The accession of Romania and Bulgaria is a subset of the major round of enlargement that has already taken place in May 2004. The two countries applied for membership at much the same time as the other central and eastern European countries which have already joined. It has taken longer to reach this point as a result of the greater complexity and intractability of the problems they faced in accepting the constraints and responsibilities of membership, and because, particularly in the case of Romania, they were slower to respond effectively to those challenges.
The institutional adjustments that were needed to accommodate them have already been taken in the Nice treaty and were approved by this Parliament in that context. Only one really important issue remains outstanding and that is whether they are to join on 1 January 2007 or 1 January 2008. That decision is not pre-judged in the treaties of accession we are considering today. My own view is that this decision should not be too heavily politicised, although I have no doubt that it will be seen, particularly in the acceding countries themselves, as highly political. I suggest that it should be considered objectively, with the greatest weight given to the assessment that the Commission will have to provide. If that assessment points towards 2008 it should be understood that it will be as much in the interests of the acceding country—or countries—to take more time in preparation and join one year later, as it will be in the interests of the Union. I would also hope that if a different balance of assessment is reached with respect to each one of the two countries, it will be accepted and not brushed aside in favour of arguments relating either to bureaucratic tidiness or amour propre.
Turning to the wider issue of further enlargement, the picture is a good deal less clear and the decisions are not for today or tomorrow, but for a more distant future. Negotiations with Turkey and Croatia have already begun, but actual accession, particularly for Turkey, is not foreseen before the middle of the next decade. All the other countries of the western Balkans—and there could well, in due course, be two more than exist now: Montenegro and Kosovo—are seeking membership. Macedonia has now been accepted as a formal candidate. Beyond them are a number of countries in the former Soviet Union, whose European identity can hardly be denied, and which also aspire to membership. We should never forget the remaining members of EFTA, who, if their electorates should ever so decide, would rapidly qualify to join and, I suggest, should rapidly be welcomed.

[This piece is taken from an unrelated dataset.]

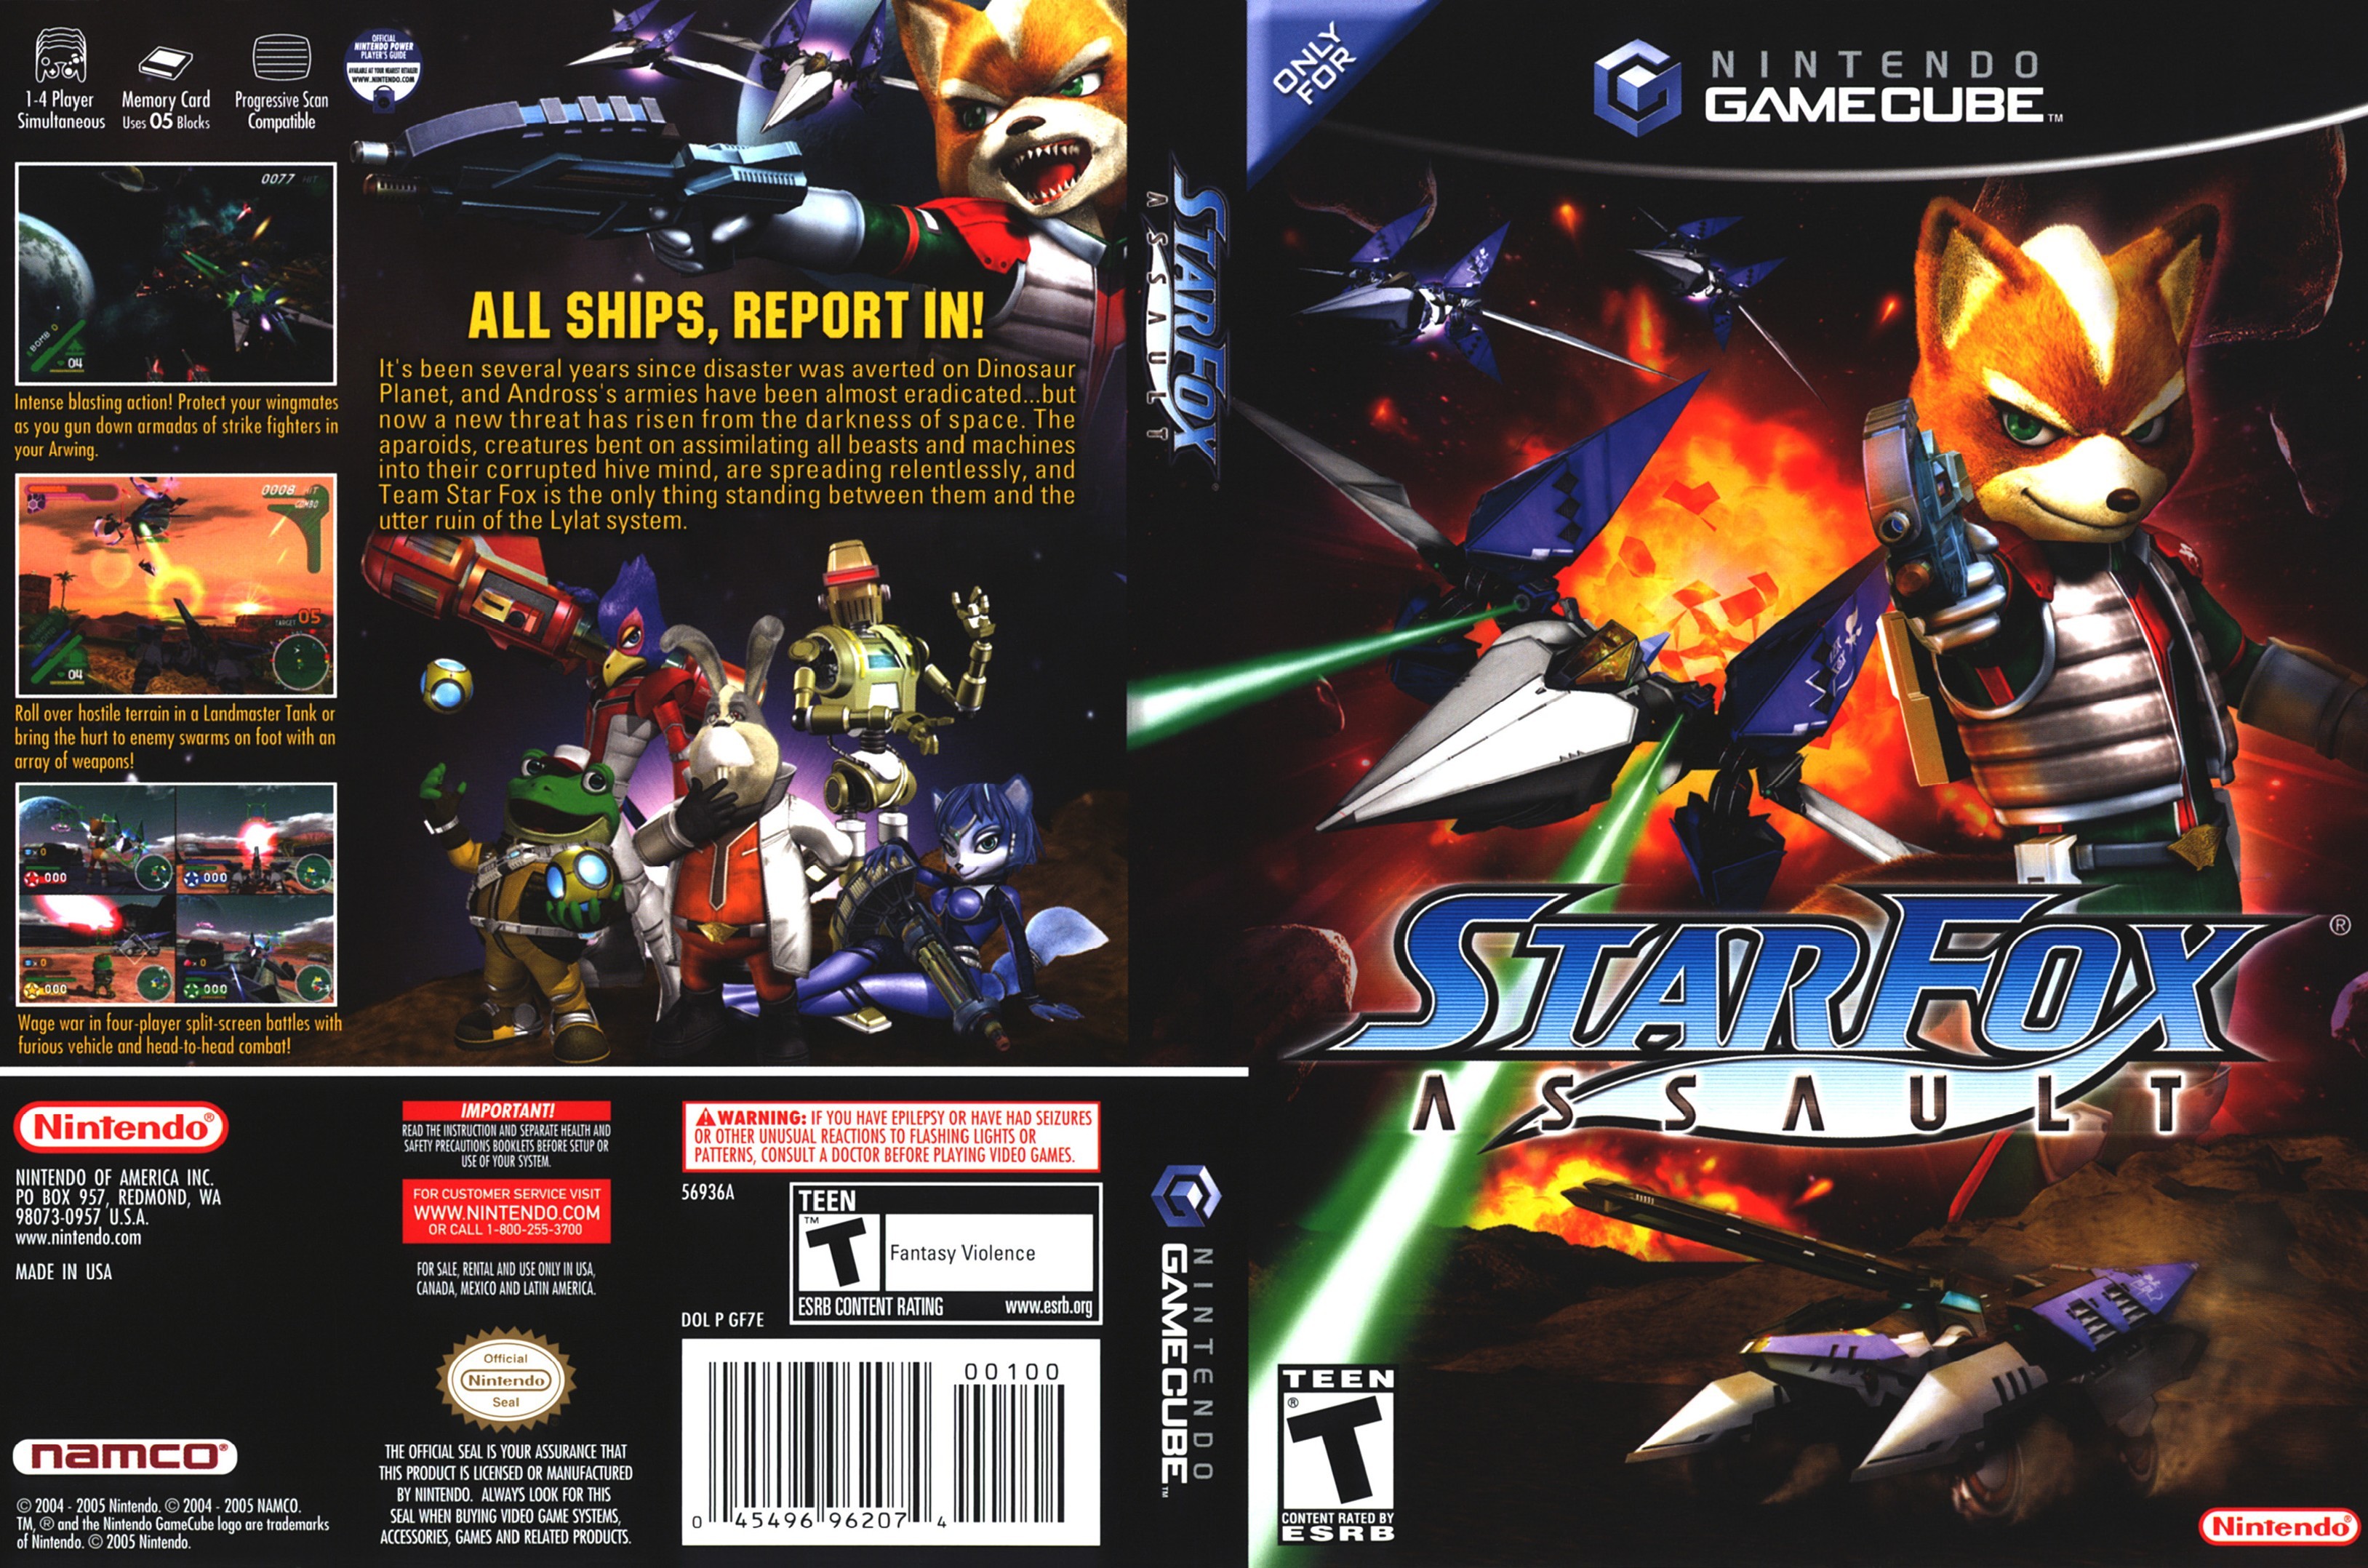 Star Fox ROMs - Star Fox Download - Emulator Games

It is all too easy to throw up one’s hands at this list, say ““enough is enough”” and call for a line on the map beyond which countries will not qualify for membership. That is what many politicians across Europe have been saying in recent months, using arguments ranging from respectable ones about the coherence of such a large body to far less respectable ones, based on ethnic and religious prejudice. It is easy to call for that line on the map, but, I would argue, highly irresponsible. A restrictive decision by the European Union, amounting to the pre-emptive exclusion of a number of countries, could have extremely far-reaching and damaging foreign policy and security implications, ranging from an upsurge of instability in the Balkans, to a drift back by former members of the Soviet Union into the embrace of a far from democratic or human rights respecting Russia.

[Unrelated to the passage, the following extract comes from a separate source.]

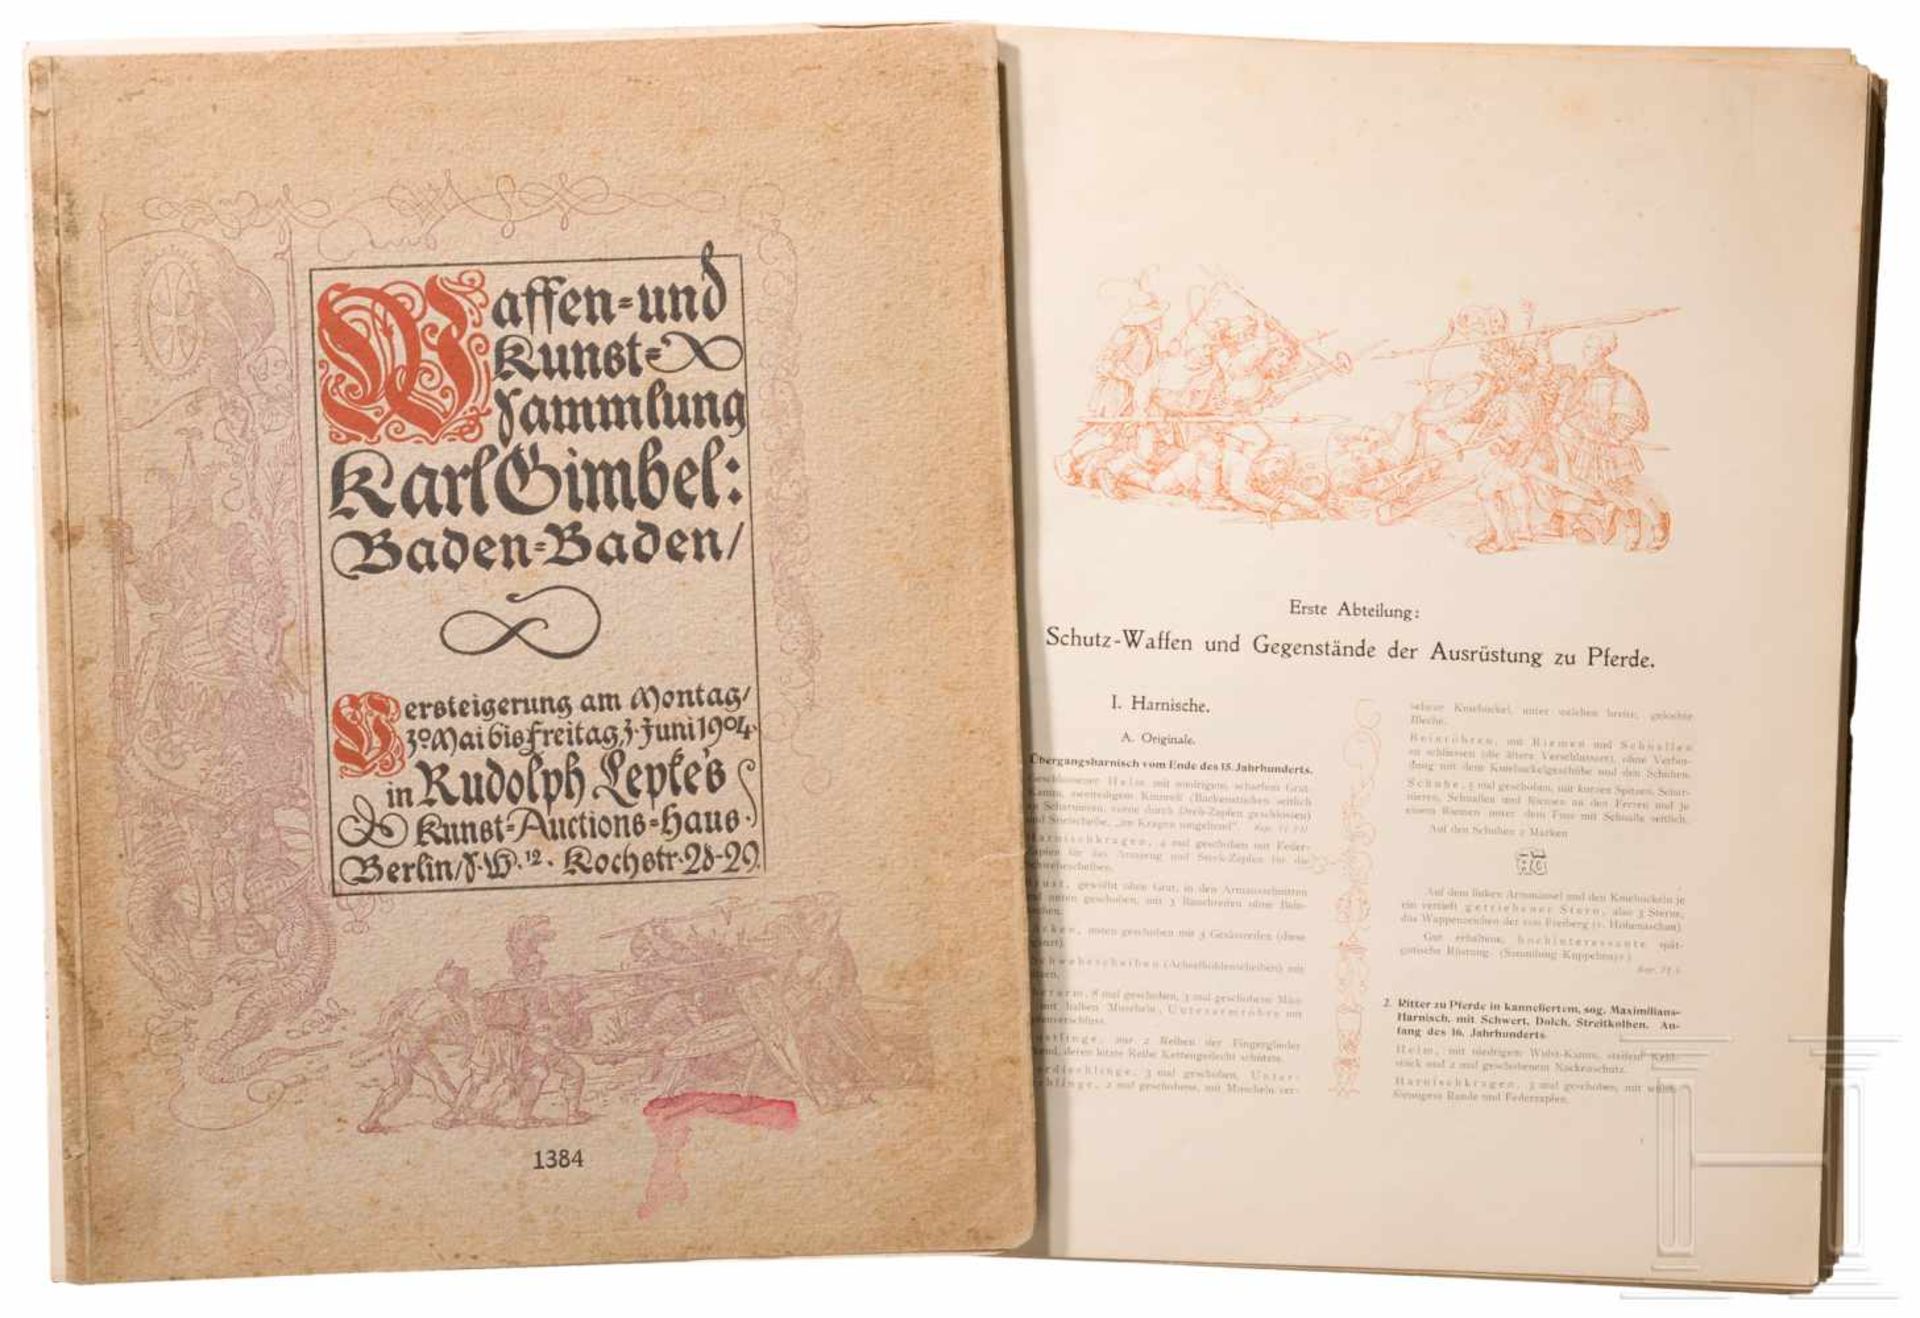 Auktionskatalog der Waffensammlung Karl Gimbel, Berlin, 1904Auktionskatalog der bekannten Baden-

What right does the Union have to take such a decision? The founding treaty, never changed, says clearly that membership is open to any European country. Since then the European Union has established the Copenhagen criteria for judging any application from such a country. The treaty already establishes the limits and trying to vary them would require treaty change by unanimity—an unlikely prospect, given the views of many member states. It is sometimes suggested that further enlargement, indeed, even the existing scale of enlargement, would have shocked and horrified the founding fathers of Europe, Monnet, Adenauer, De Gaspari and Schuman. I am sure they would have been surprised by it; they were, after all, operating in a Cold War dominated world. However, to suggest that they would have approved of the rejection of the candidature of free, democratic east European countries is, quite frankly, a travesty.
It follows from this reasoning that I very much welcome the support that the Government continue to give to further enlargement, but it is not sufficient to support that cause and simply assume that it will carry the day. We surely need to try to convince those who call for a restrictive policy that this is the wrong road for the European Union to take. If we cannot persuade people of that, we will drift towards that most dangerous of all scenarios, in which a country negotiates its terms of accession, is accepted by all the governments of the European Union and is then rejected by the votes of one or more of them in a referendum. That would surely be a disaster for all concerned. To avoid it we and the other supporters of further enlargement will need to explain much more clearly and cogently than has been done in the past, the advantages, both intangible and material, which have flowed from previous enlargement and which can reasonably be expected from further ones. I do not believe that we have anything to fear from such a debate; but we certainly need to have one if we are to avoid a shipwreck. I would welcome a response from the Minister about how the Government intend to carry forward their advocacy of this aspect of their European policies.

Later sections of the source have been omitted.